Task details: No picture should appear in the copy. Transcribe exactly, and only, the lines from the one with "Bahadur 2in1 Floro" through the last line of the data below.
-------- Supplied information --------
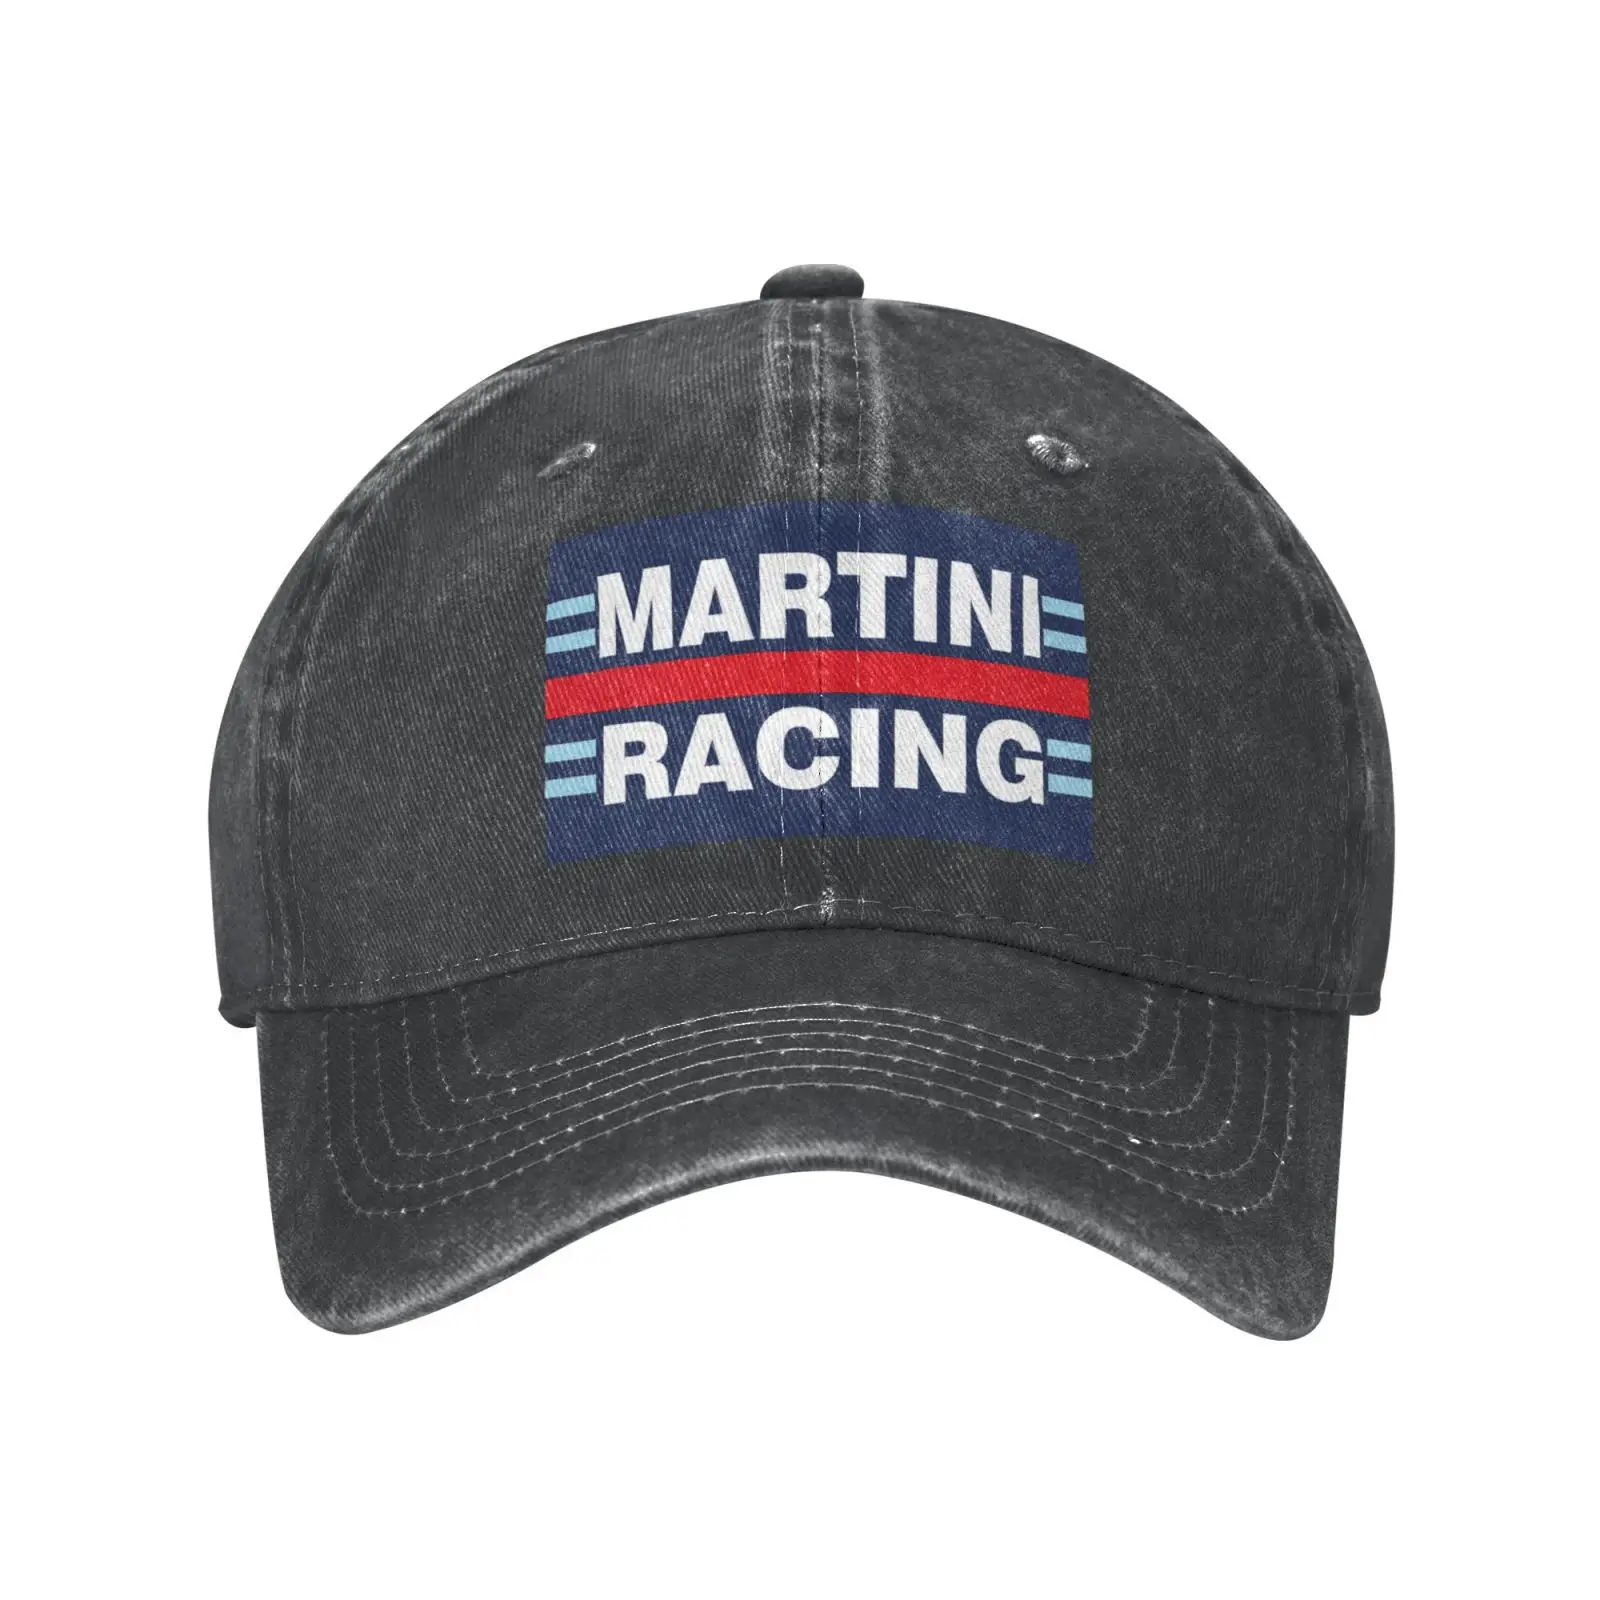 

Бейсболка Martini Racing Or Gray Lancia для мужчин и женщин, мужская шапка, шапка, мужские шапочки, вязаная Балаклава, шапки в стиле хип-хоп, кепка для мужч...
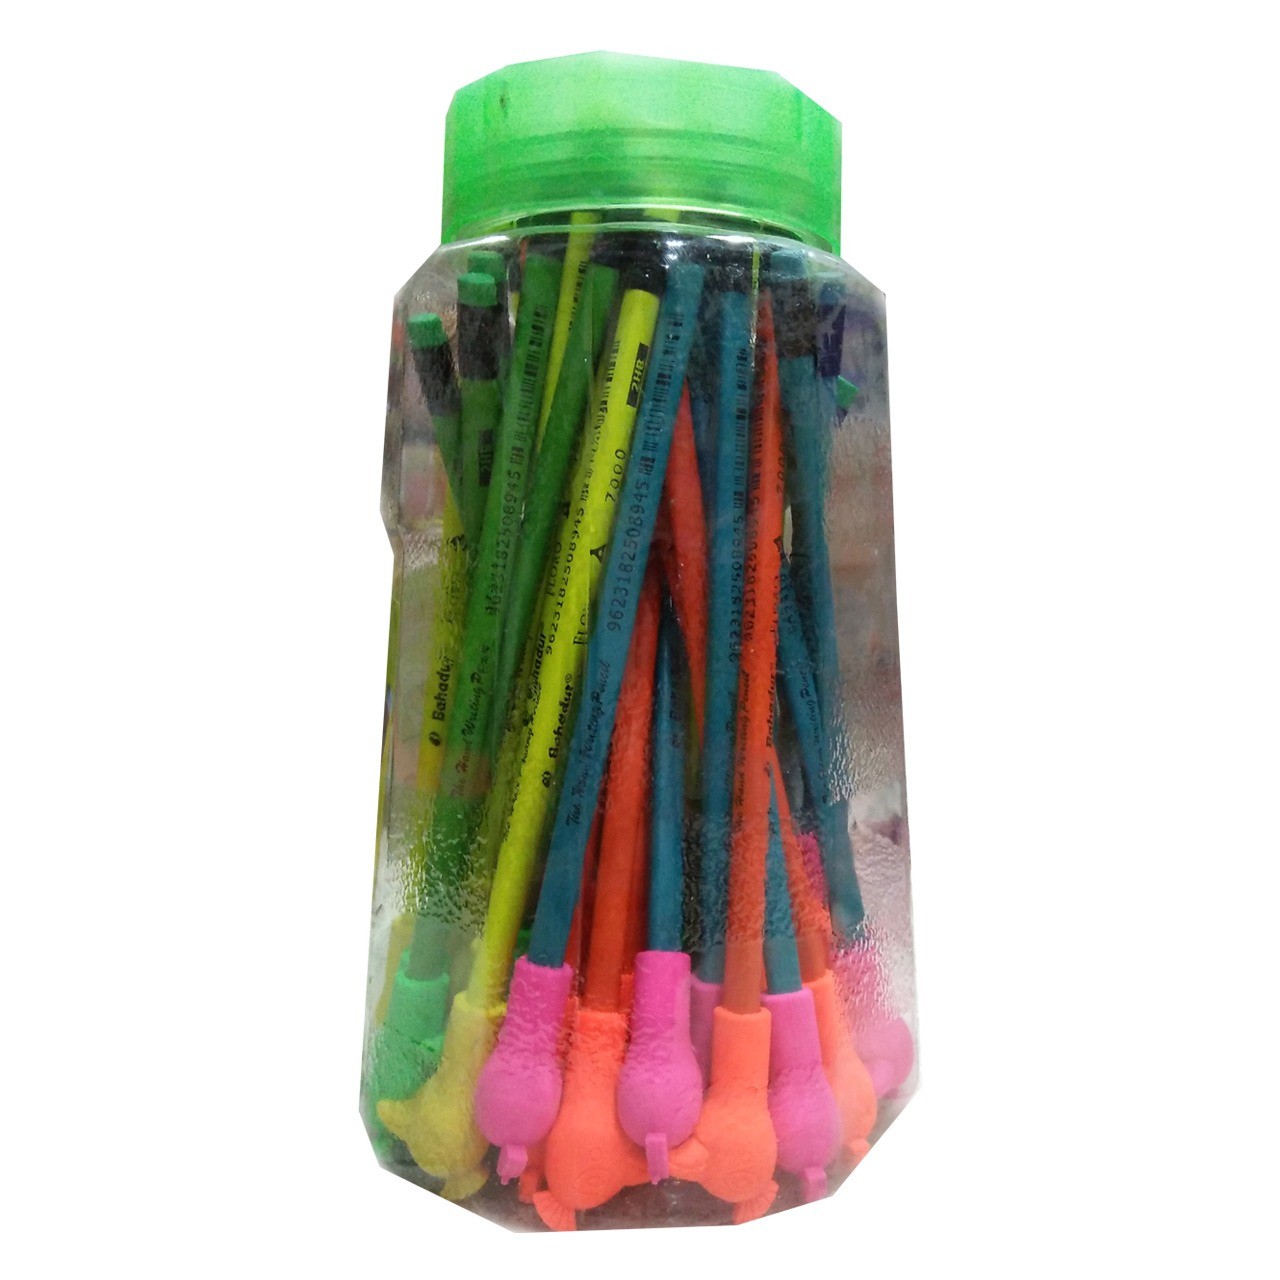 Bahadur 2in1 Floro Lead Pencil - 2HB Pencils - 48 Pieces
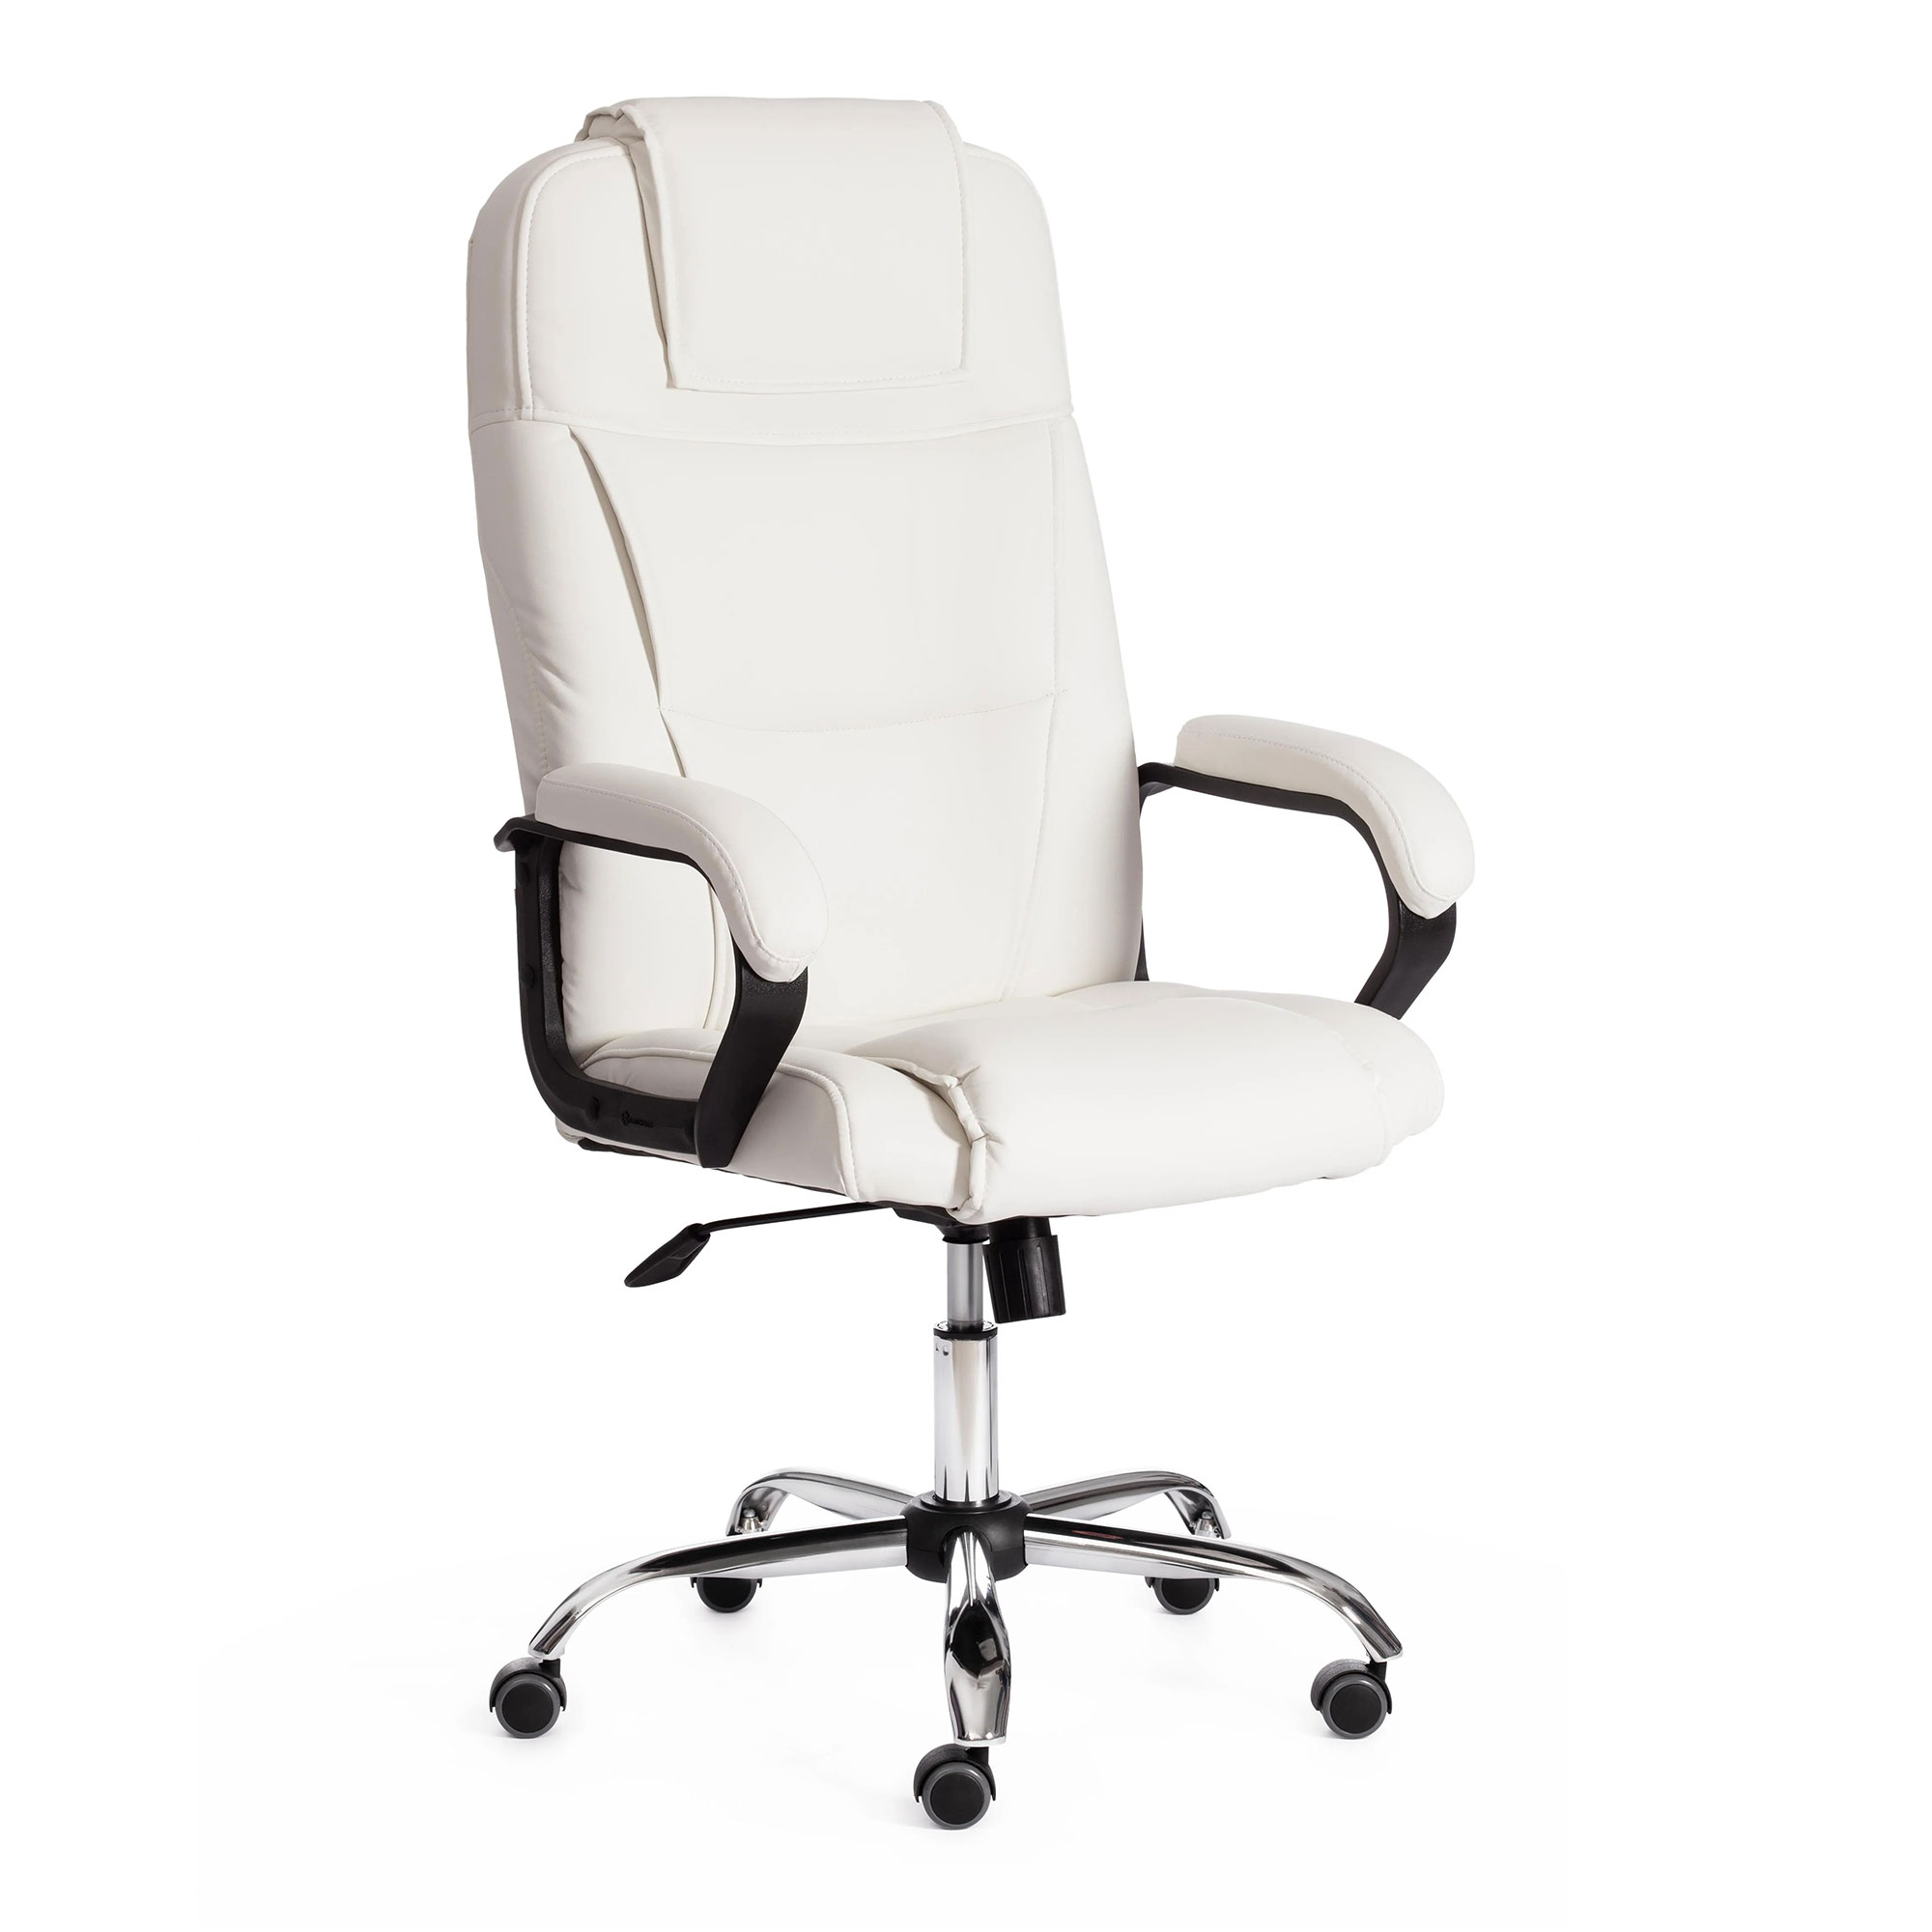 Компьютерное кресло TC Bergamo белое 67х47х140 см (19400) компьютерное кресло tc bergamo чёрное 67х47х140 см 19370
--------
Response area:
 Bahadur 2in1 Floro Lead Pencil - 2HB Pencils - 48 Pieces
 Компьютерное кресло TC Bergamo белое 67х47х140 см (19400) компьютерное кресло tc bergamo чёрное 67х47х140 см 19370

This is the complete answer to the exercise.